Song Meaning
These lyrics open with a stark, violent declaration: "Rock and roll is dead / I put that thing in its head." The speaker immediately asserts a chilling agency over the demise of a cultural icon. This isn't just an observation; it's a direct, almost boastful, act of termination.
The central tension arises from this abrupt ending and the subsequent redefinition. The playful, almost mocking "Who wants to sha-la-la with or without you / Tra-la-la-la-la-la with or without love" dismisses the old genre's romanticized tropes, suggesting a new era of detachment. This indifference sets the stage for something different, something less concerned with traditional sentiment.
The most striking craft element appears in the transformation from "Rock and roll" to "Rockunroll." The new entity is "bred / When its shiny skin is shed," implying a raw, unpolished rebirth after discarding superficiality. Crucially, this evolution is orchestrated "With a poison pencil lead," an unexpected image that suggests the death and subsequent creation are acts of deliberate, perhaps intellectual, subversion rather than brute force. It's a critique written in venom.

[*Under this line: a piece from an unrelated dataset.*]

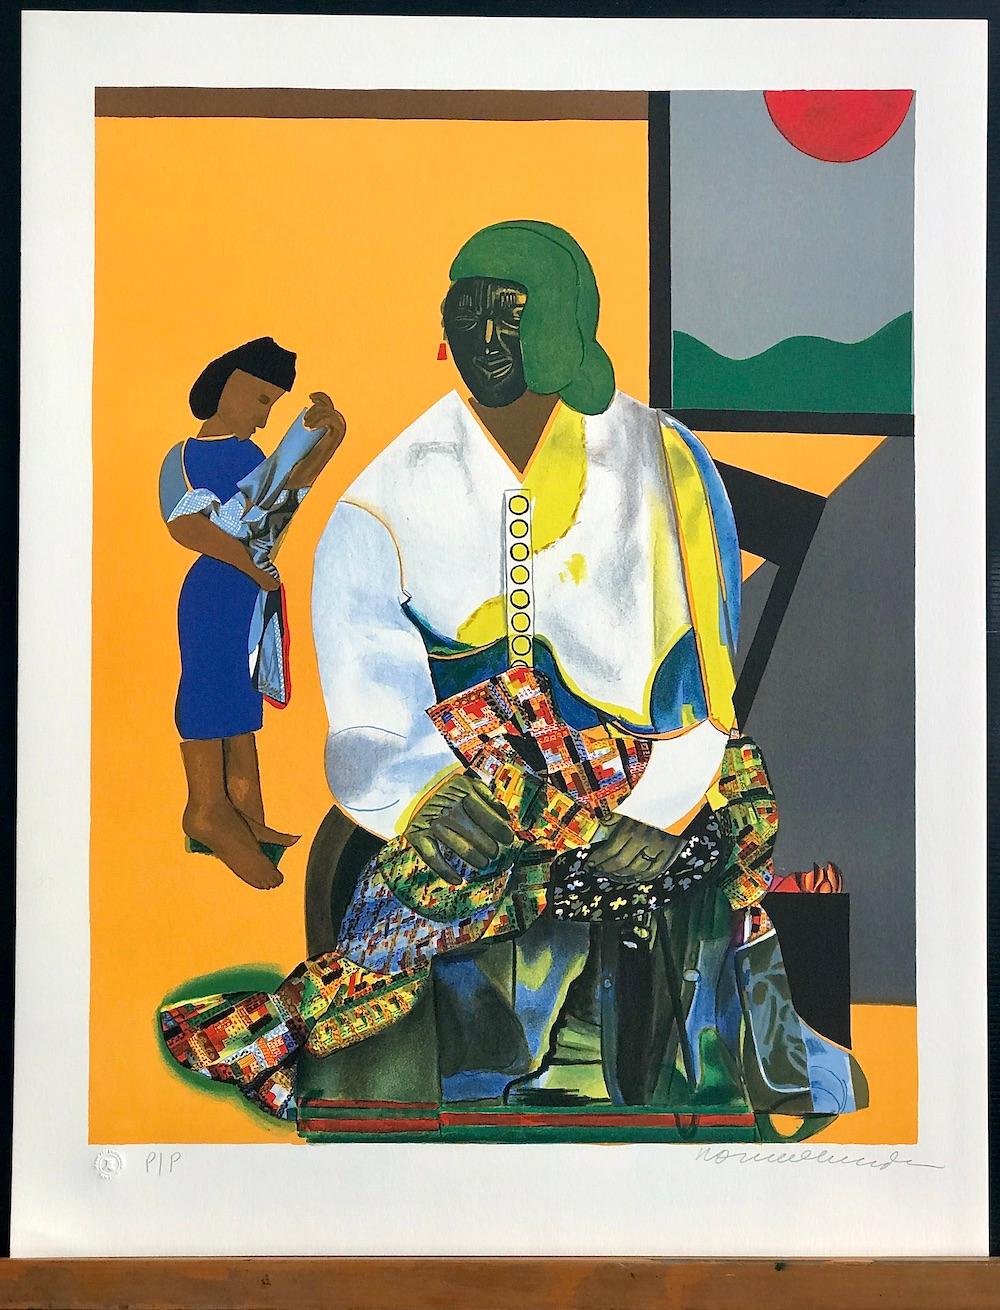 MECKLENBURG AUTUMN ist eine limitierte Original-Farblithografie des bekannten afroamerikanischen Künstlers Romare Bearden, gedruckt in traditioneller Handlithografie auf Arches-Papier, 100% säurefrei, in einer Auflage von 175 Stück. Fast

Ultimately, these lyrics are effective because they don't just announce a change; they embody a confrontational spirit. The speaker's confident, almost menacing tone, coupled with the visceral imagery of shedding skin and the chilling warning, "You all rock until you're bled," creates a powerful sense of a new, demanding artistic paradigm. It's a declaration that the new form, "Rockunroll," will extract a price from its adherents.